Responding to Spiritual Failure

The garden event of the Crucifixion of Jesus is a very interesting scene.  If Jesus leaves an example to follow, this is one of those areas that His example is excruciatingly difficult to follow.  For instance, when His betrayer shows up, He says in Matthew 26:46, "Rise up, let us go; the one handing me over has arrived."  He makes the absurdly funny line from Mystery Men ("We have a date with destiny, and it looks like she's ordered the lobster.") seem right on point rather than absurd.

I imagine the scene as very late at night.  The disciples have been through a confusing stress-filled week, and are understandably tired.  Jesus asks them to pray, but instead they fall asleep.  They will never again have the opportunity to pray with Jesus during His most difficult personal battle.  In fact, right on the cusp of their most confusing and difficult time, they fall asleep instead of praying.  In short, they have failed spiritually in an important clutch point in their relationship with Jesus.  He can lecture them, reject them, call them out, and dismiss them, and many other things which would heighten their sense of failure, but what He says is, "get up, we have an appointment with my betrayer."  He still includes them in the events of the garden, leading to the events of His death.

The fact that there is no sense of rejection of those failed followers, and that He continues to include them in His passionate cup of suffering, leads me to feel a sense of security and peace.  But it also inspires me to listen for that next command.  Will He tell me to get up?  Will He tell me to go with Him?  What I do know is that He will continue to include me, even if I fail spiritually.  My failures, of which I have a long list, do not disqualify me for service to my King.  They may restrict what opportunities I have to do various acts of service, but they do not disqualify me for service to my King.  I am not released from my duties, I am not relieved of responsibilities, and I do not have license to lapse into bouts of self-pity and pouting rather than acts of service.  I am not shelved, and I do not have that option among my choices.
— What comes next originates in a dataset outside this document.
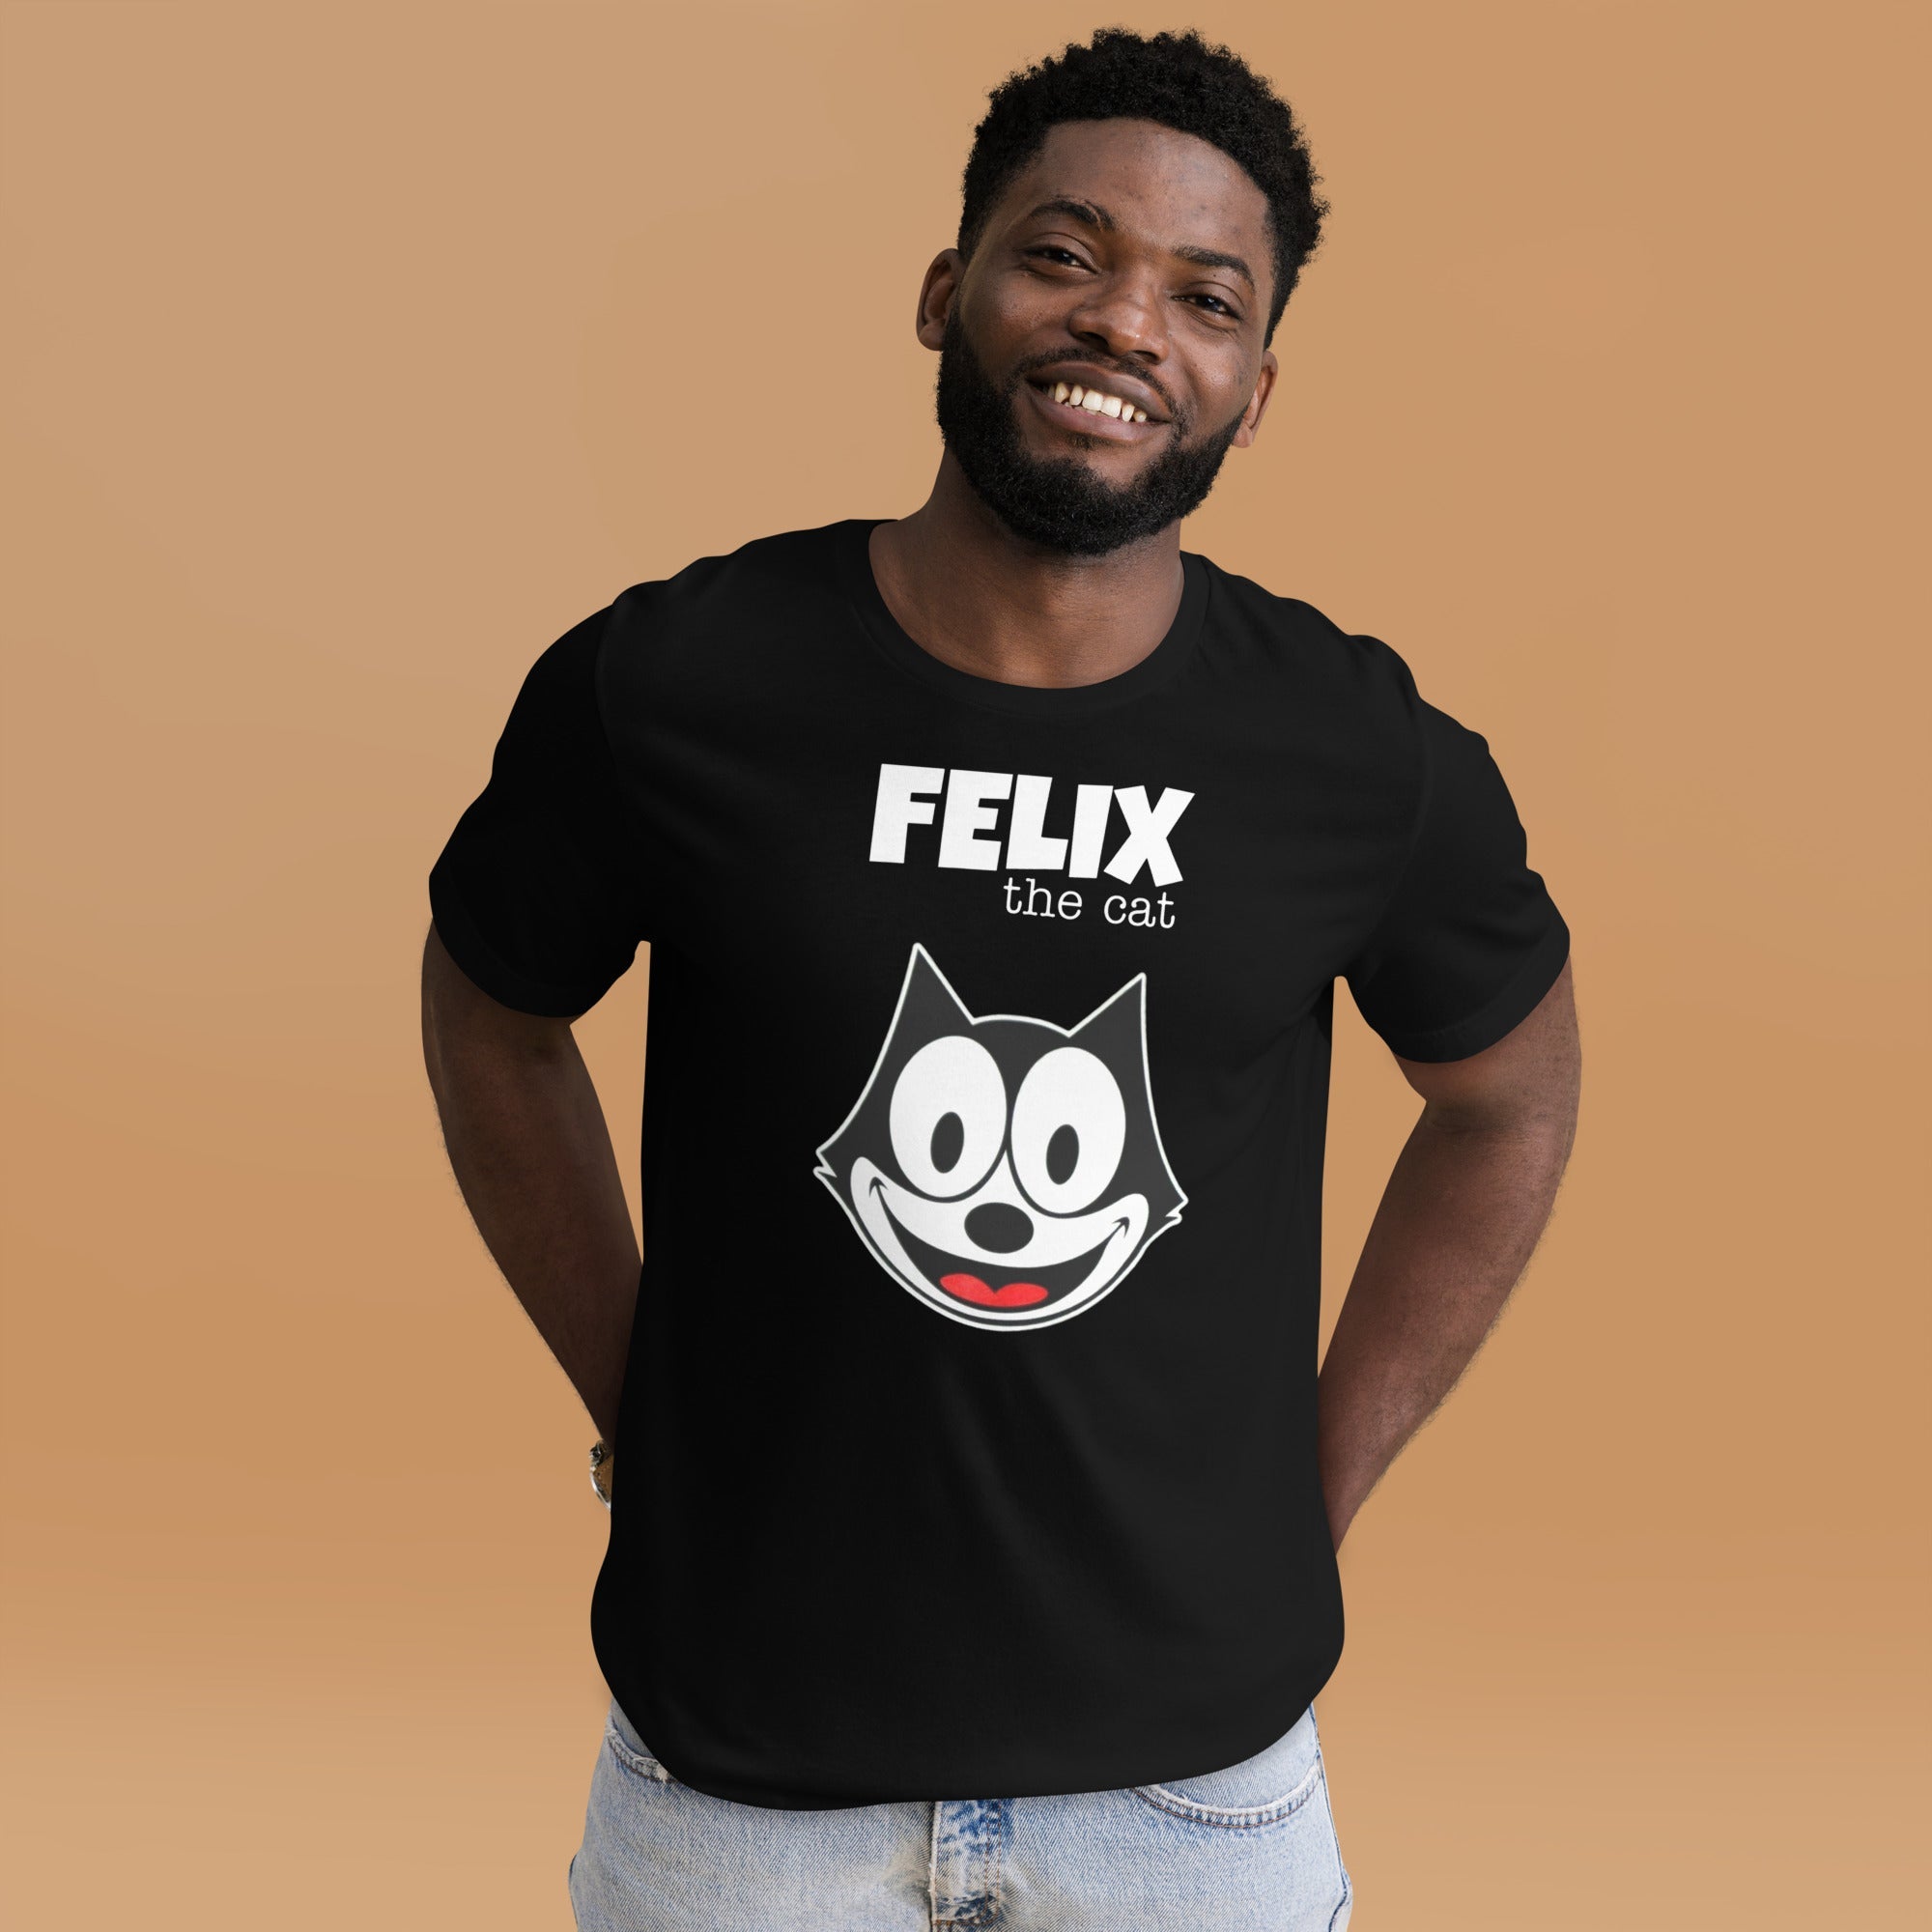 Felix the Cat shirt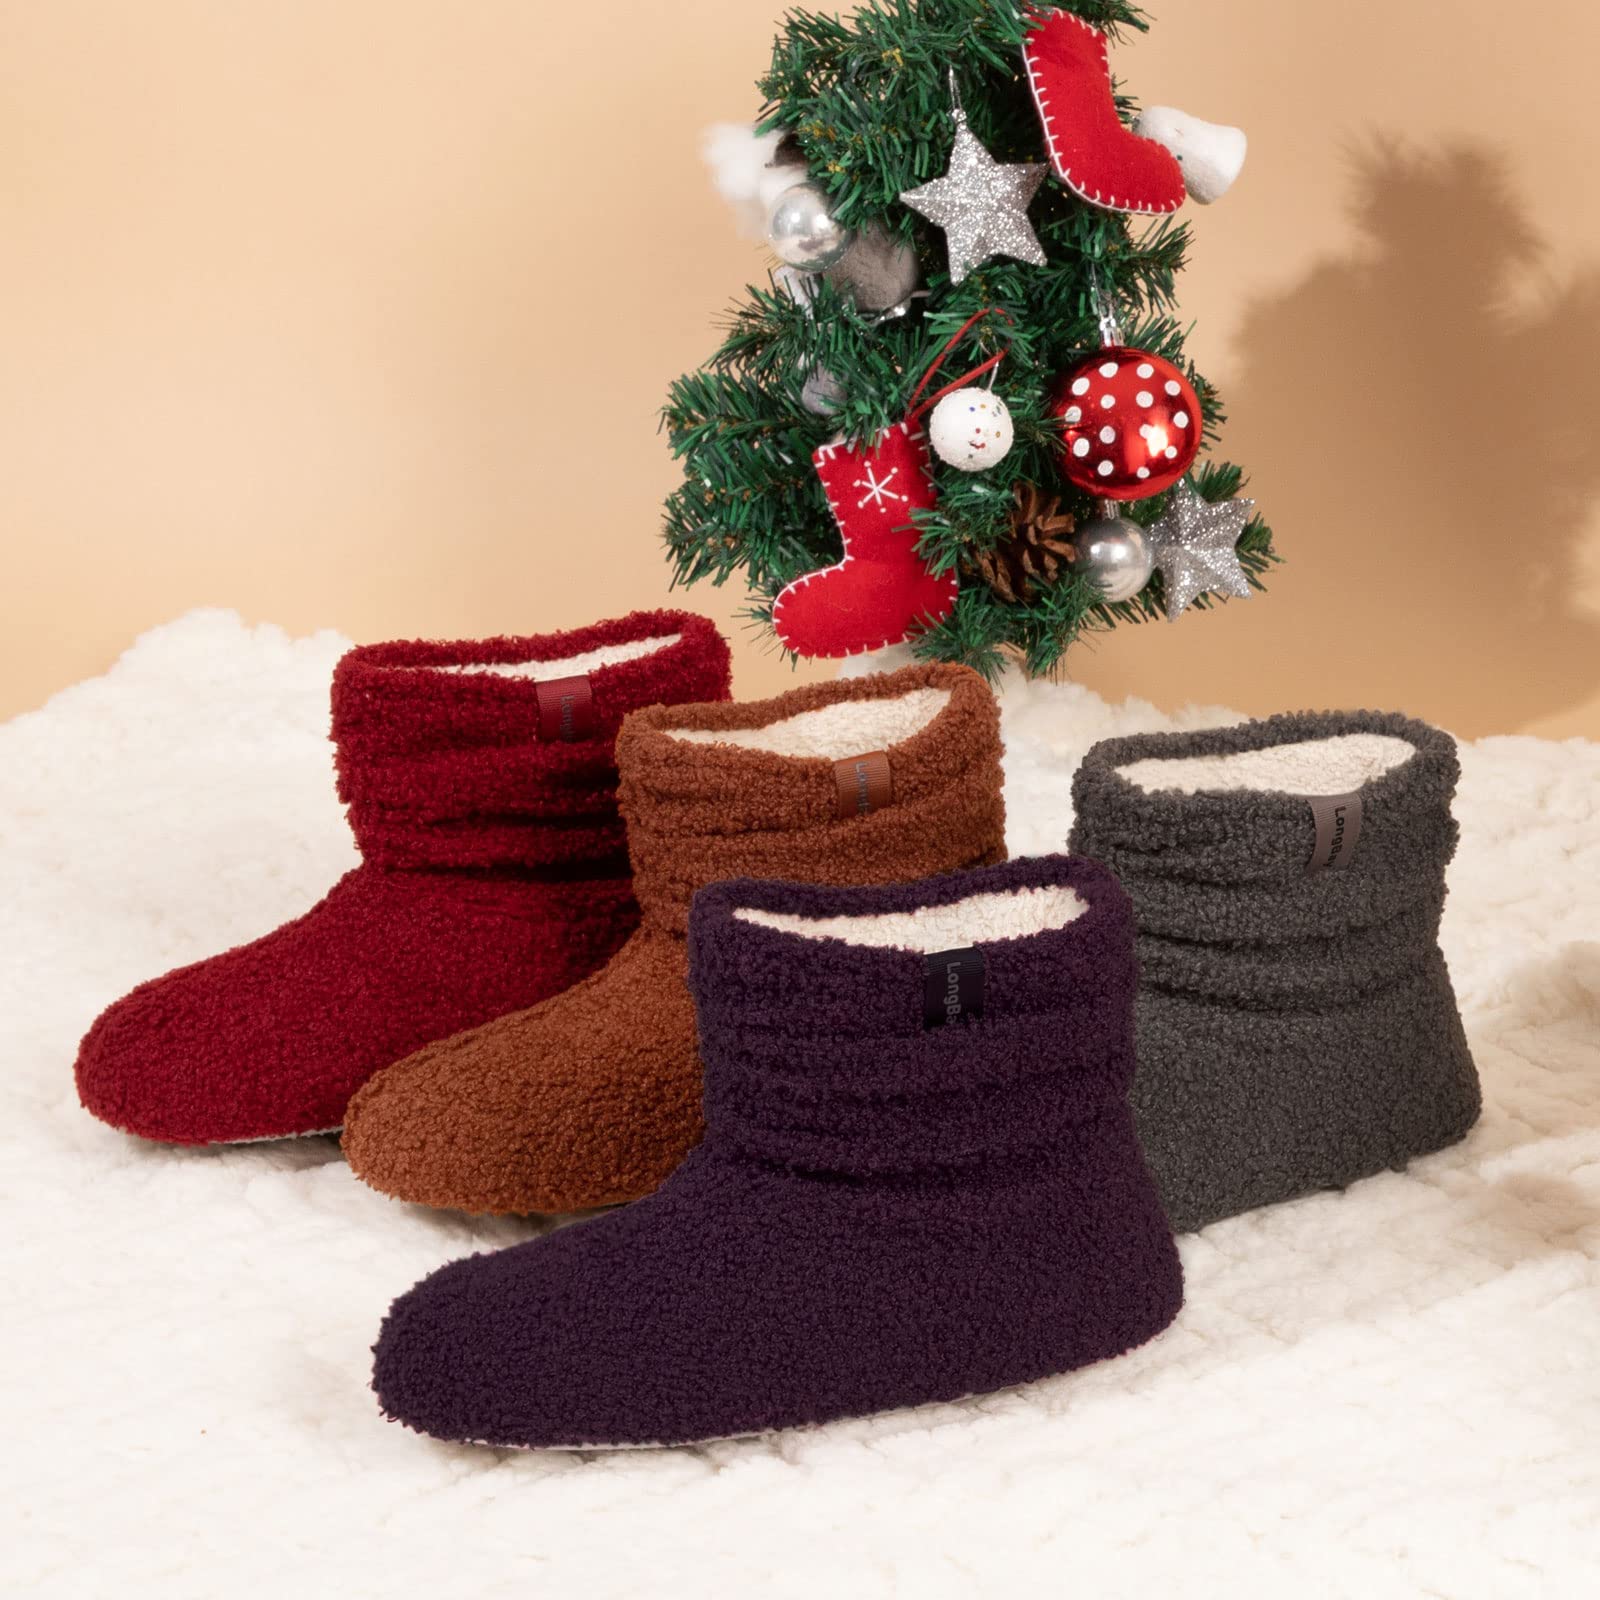 LongBay Women’s Warm Curly Fur Bootie Slippers Comfy Plush Fleece Boots Memory Foam House Shoes

So, I will rise up, I will go with Him, and I will move on with Him to the next task my Master has for me.  I never go alone, but I will never stop going either.  This may not illuminate the road ahead, but it does inspire me to fit my pack for carrying, and load it with adventurers gear, healing supplies, and my Master's armor with weapons.  I may not know exactly where I'm headed, but I will be ready to move, failure, success, or in between.

1 comment:

  1. Excellent, be ready, sometimes as followers, even when we are waiting, we are so distracted, depressed or whatever that we don't ready ourselves for what the next task. Why we wait around expecting to be used as we are, weak, self absorbed,confused, instead of working towards the final goal with expectancy, I don't know....distracted?